APB’s Blended Winglets are now featured on thousands of Boeing aircraft in service for numerous American and international airlines. Major discount carriers like Southwest Airlines and Europe’s Ryanair take advantage of the fuel economy winglets afford. Employing APB’s Blended Winglets, a typical Southwest Boeing 737-700 airplane saves about 100,000 gallons of fuel each year. The technology in general offers between 4- and 6-percent fuel savings, says Stowell.
“Fuel is a huge direct operating cost for airlines,” he explains. “Environmental factors are also becoming significant. If you burn less fuel, your emissions will go down as well.” APB winglets provide up to a 6-percent reduction in carbon dioxide emissions and an 8-percent reduction in nitrogen oxide, an atmospheric pollutant. The benefits of winglets do not stop there, Stowell explains. Reduced drag means aircraft can operate over a greater range and carry more payload. Winglet-equipped airplanes are able to climb with less drag at takeoff, a key improvement for flights leaving from high-altitude, high-temperature airports like Denver or Mexico City. Winglets also help planes operate more quietly, reducing the noise footprint by 6.5 percent.
If all the single-digit percentages of savings seem insignificant on their own, they add up. In 2010, APB announced its Blended Winglet technology has saved 2 billion gallons of jet fuel worldwide. This represents a monetary savings of $4 billion and an equivalent reduction of almost 21.5 million tons in carbon dioxide emissions. APB predicts total fuel savings greater than 5 billion gallons by 2014.
APB, the only company to currently both manufacture and retrofit winglets for commercial airliners, is currently equipping Boeing vehicles at the rate of over 400 aircraft per year.

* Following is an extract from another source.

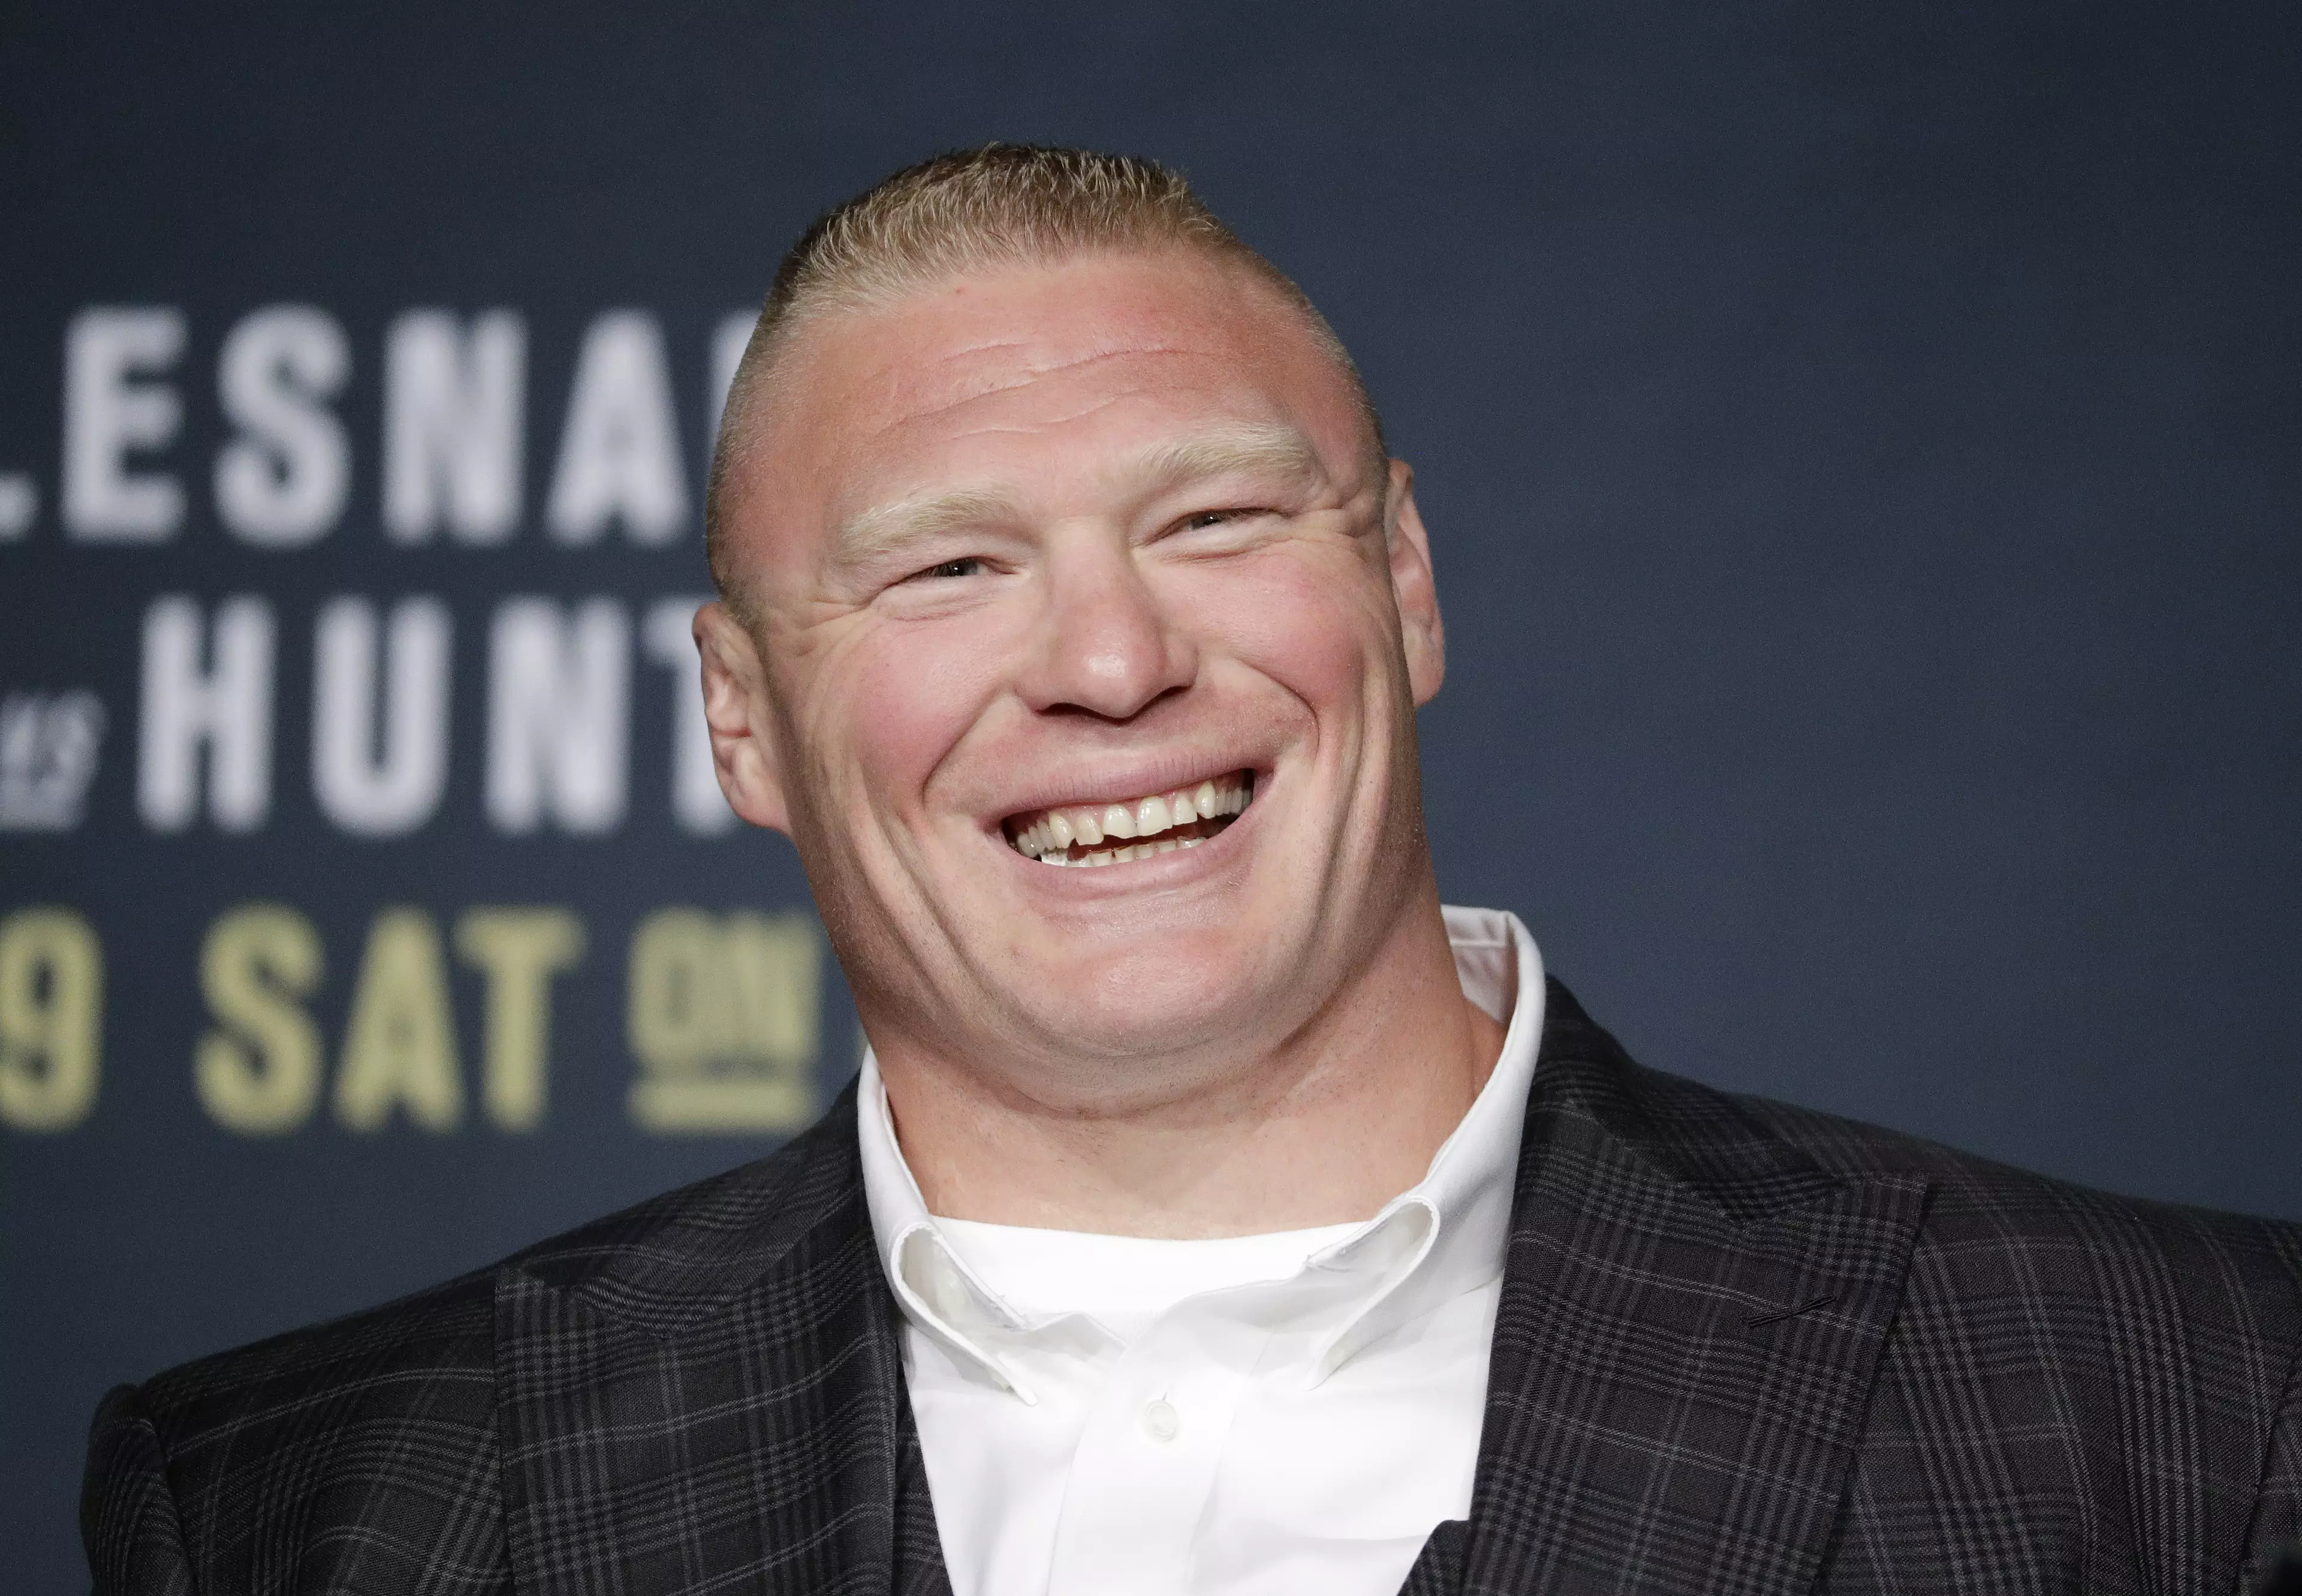 Jim Ross Believes Brock Lesnar Will Fight In The UFC Again

It is also continually examining ways to advance winglet technology, including spiroid winglets, a looped winglet design Aviation Partners first developed and successfully tested in the 1990s. That design reduced fuel consumption more than 10 percent.

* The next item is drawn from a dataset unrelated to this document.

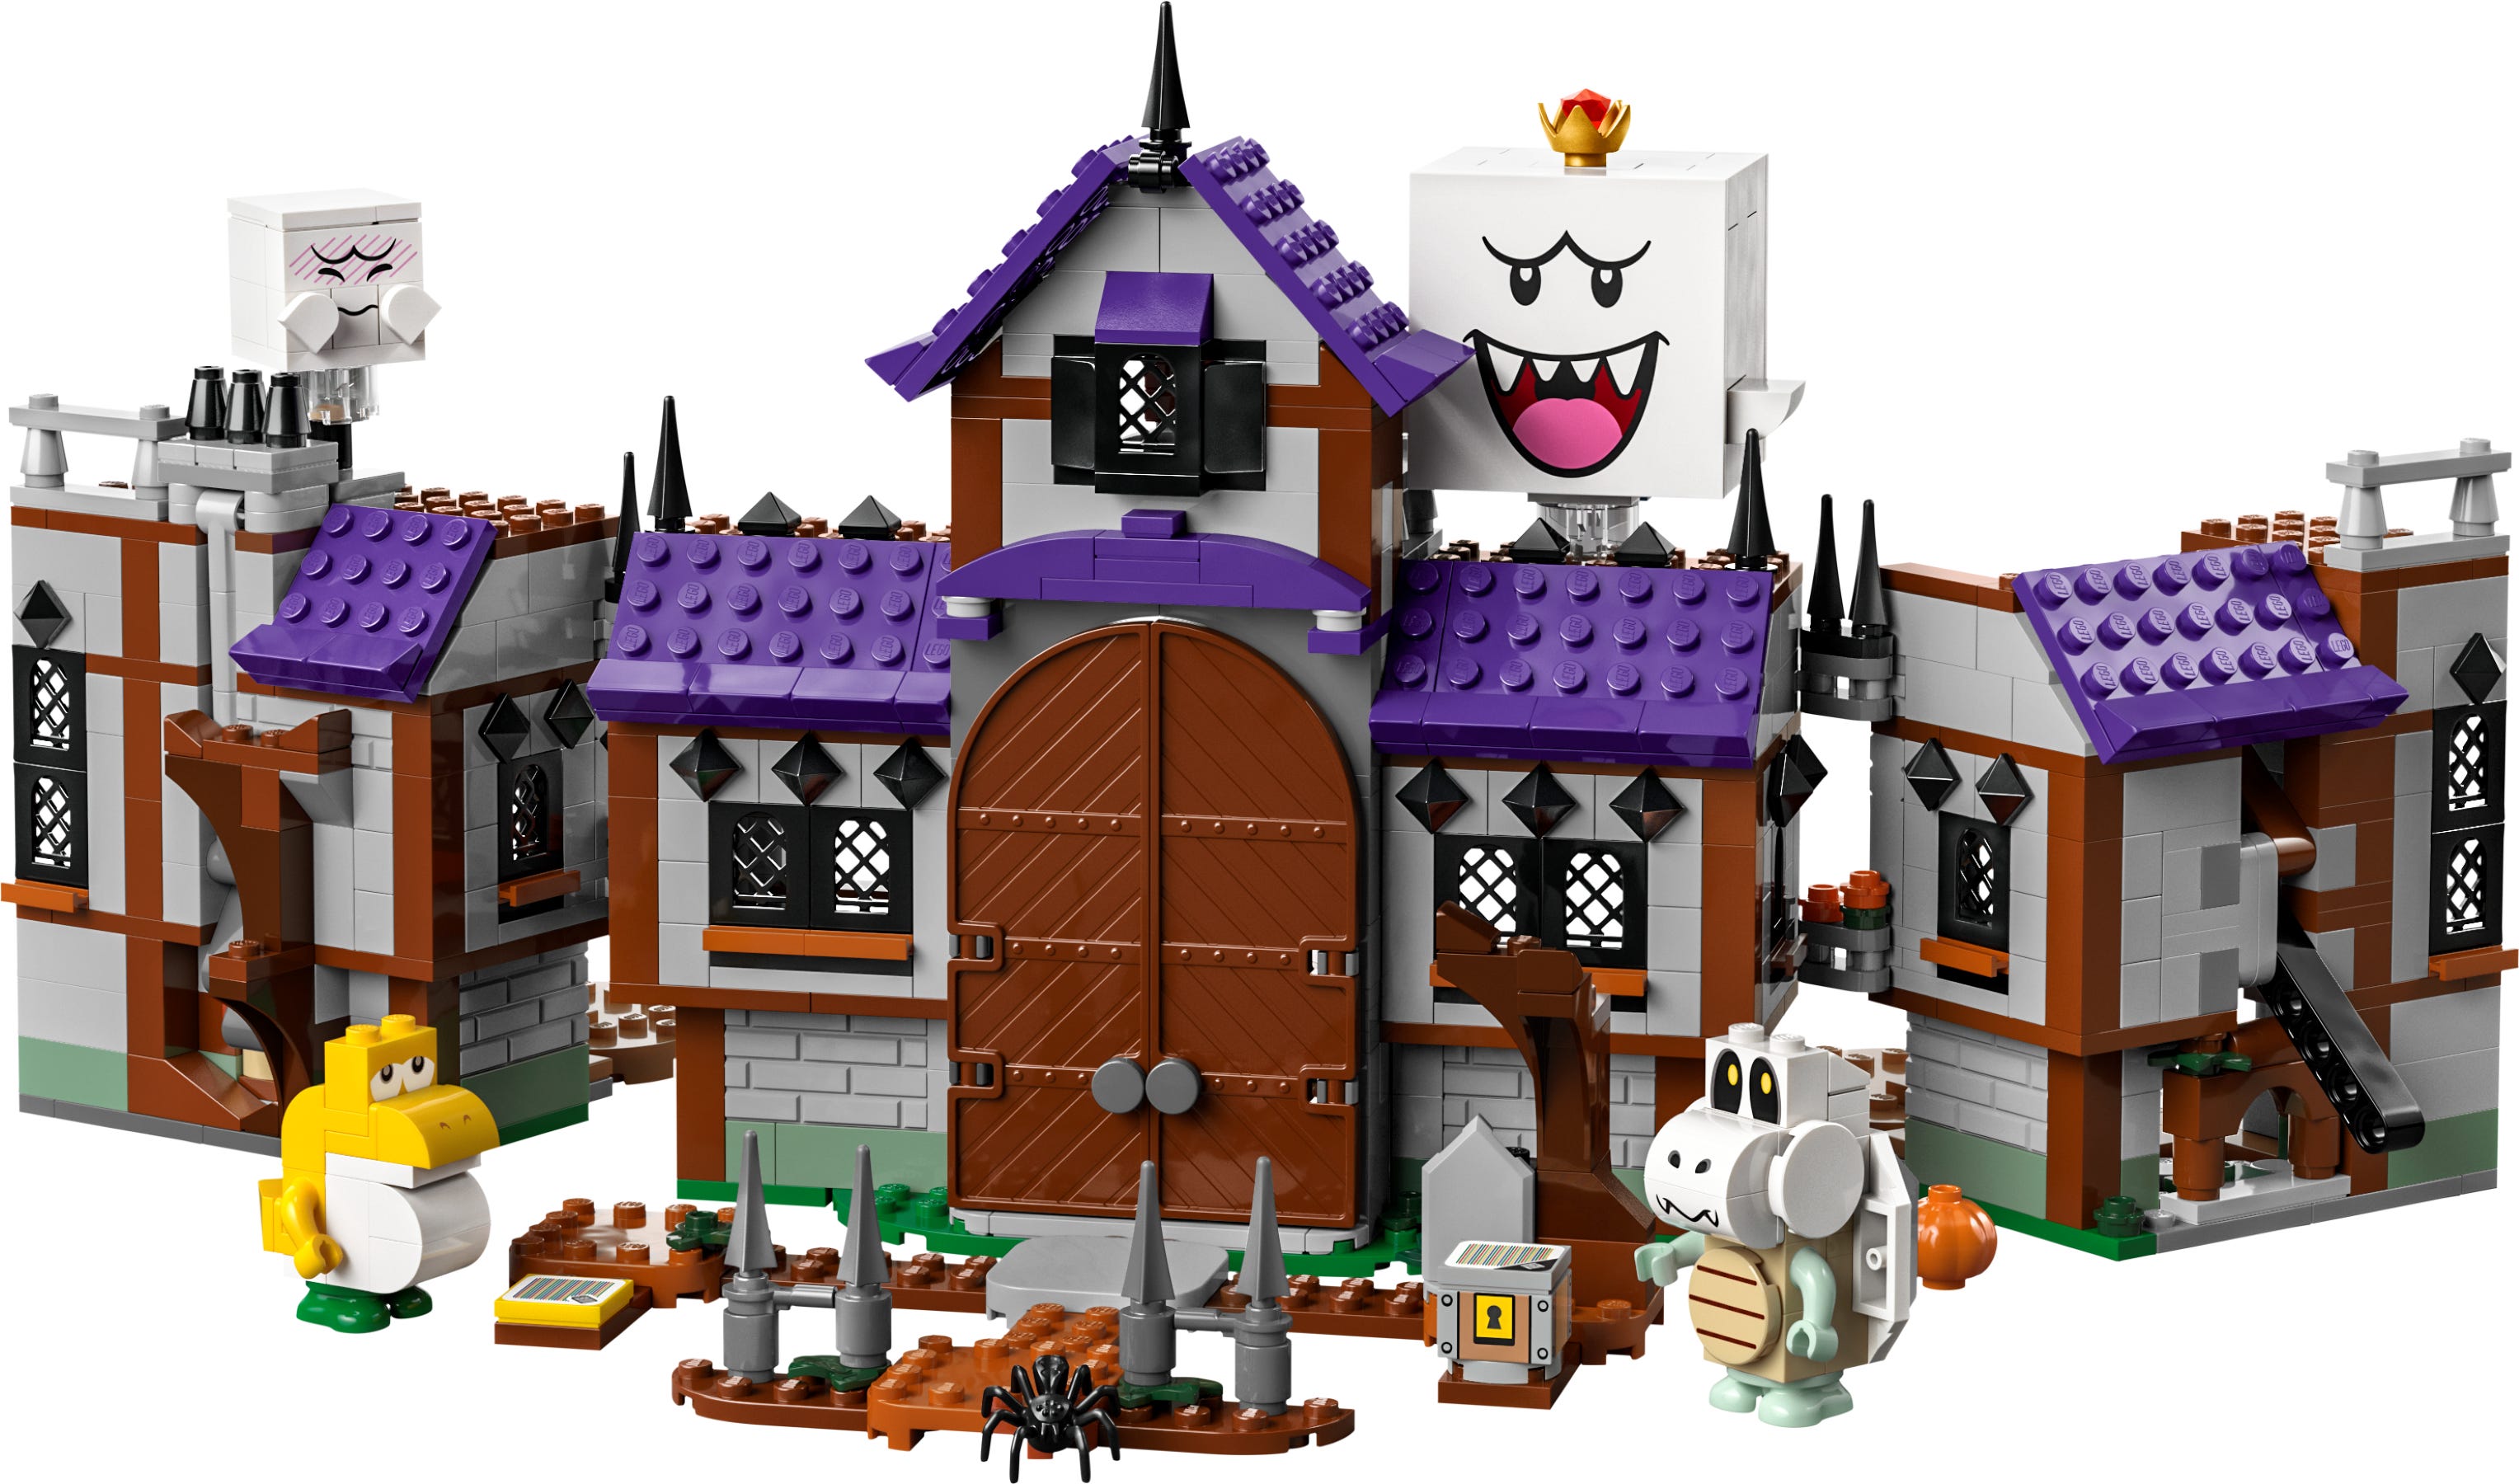 LEGO King Boo's spookhuis

While winglets require careful customization for each type of plane, they provide effective benefits for any make and model of aircraft—even unmanned aerial vehicles. Consider other winglet designs on commercial carriers, as well as blended and other winglets on smaller jets and general aviation aircraft, and the impact of the original NASA research takes on even greater significance.
“Those flight tests put winglets on the map,” says Stowell.
Blended Winglets™ is a trademark of Aviation Partners Inc.